JRF's #33 - Wise Blood by Flannery O'Connor

This book felt like it was written by the smelly weird old cat lady you knew when you were a kid.  Maybe she was an eccentric genius but probably she was just crazy.

To start with,  I feel like much of this book was an exercise in putting your head in the toilet to see if it does indeed stink.  I didn't need the perversions and blasphemies of Hazel Motes and company to tell me that humanity is depraved and lost.  God's Word, the news and my own heart are enough reminders of that.

Secondly, I found myself grasping to find a coherent plot.  I think the plot was weird people walking around having weird thoughts and fornicating.  The most interesting character was the used car which had to be a metaphor for something, I just don't know what.  The most annoying character was the peeping tom/necromaniac, young man who beats up a guy wearing an ape suit and then runs around pretending he is an ape.  Again - don't ask me why.
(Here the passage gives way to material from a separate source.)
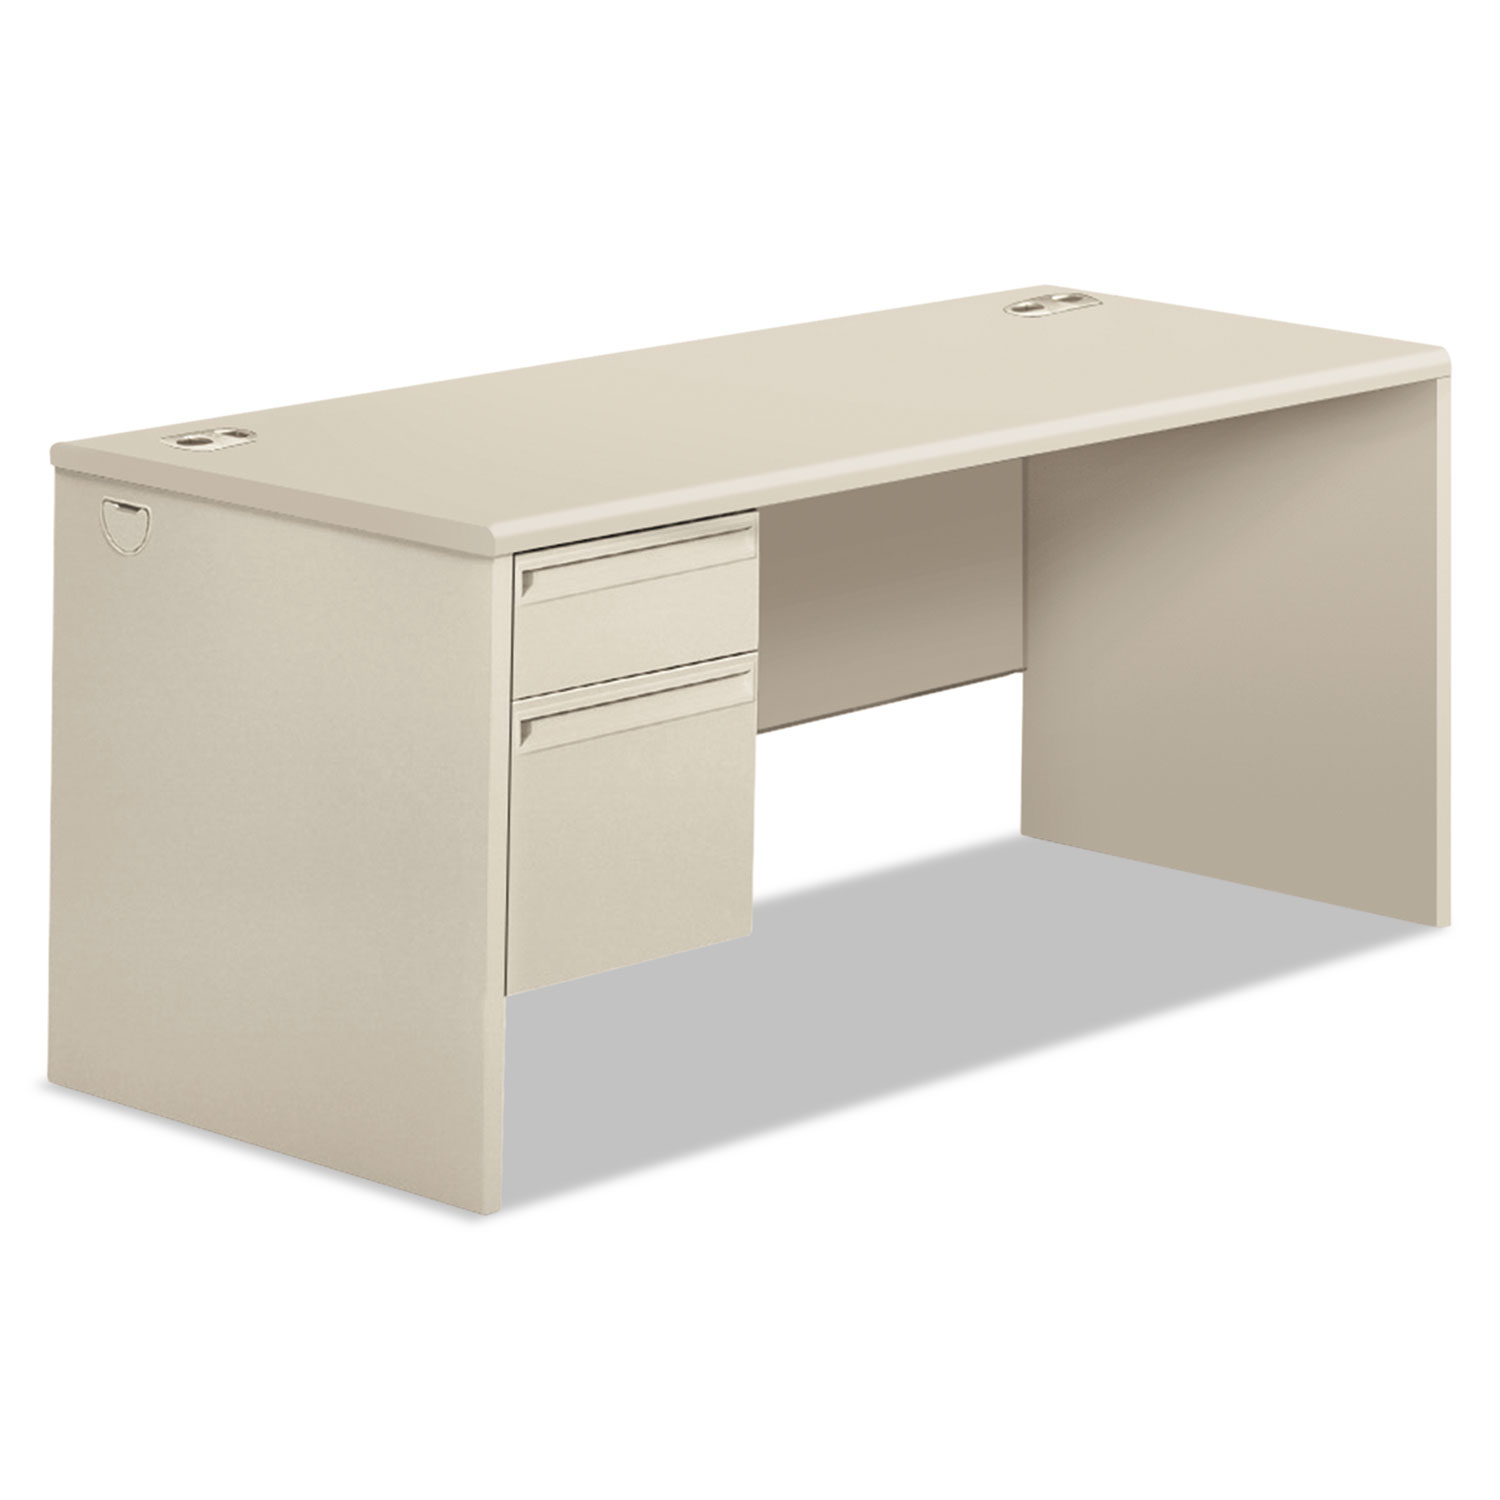 38000 Series Left Pedestal Desk, 66w x 30d x 29-1/2h, Light Gray

Having said that, the way O'Connor illustrates this tale is quite brilliant.  Her writing style is very unique yet "southernly", kind of a mix of Mark Twain and Truman Capote.  A few times I chuckled at her ironic tone.

This is one of those books that I think everyone secretly is confused about but talks about it as brilliant because everyone else does too. Either that or it is one of those books that smart people like and I am not smart.  Very probable.  If I had to pull any kind of redemptive theme out of this story I guess it would be that Hazel Motes ("mote" is the King James Version word for "speck" - Matt 7:3 perhaps this is significant) is consistent and sincere in his worldview even though it leads to his self-destruction.  His insanity is really the only sane alternative to surrendering to Christ.  His sincere, consistent, bold nihilism exposes the insincere, hypocritical, cowardly christianity of the Bible Belt culture around him.  And yet his nihilism still doesn't absolve him from his guilt and defilement and this drives him to futile and fatal acts of self-justification.  Again, I have no clue if that is what Miss O'Connor wanted to convey.

Perhaps the fact that I have such a negative emotional response to this book is evidence of its brilliance.

I think I am going to have to wait until the next Apologia to see if Ron and Brad are able to enlighten me on the merits of this story.  They have their work cut out for them.  And I know they are up to the task.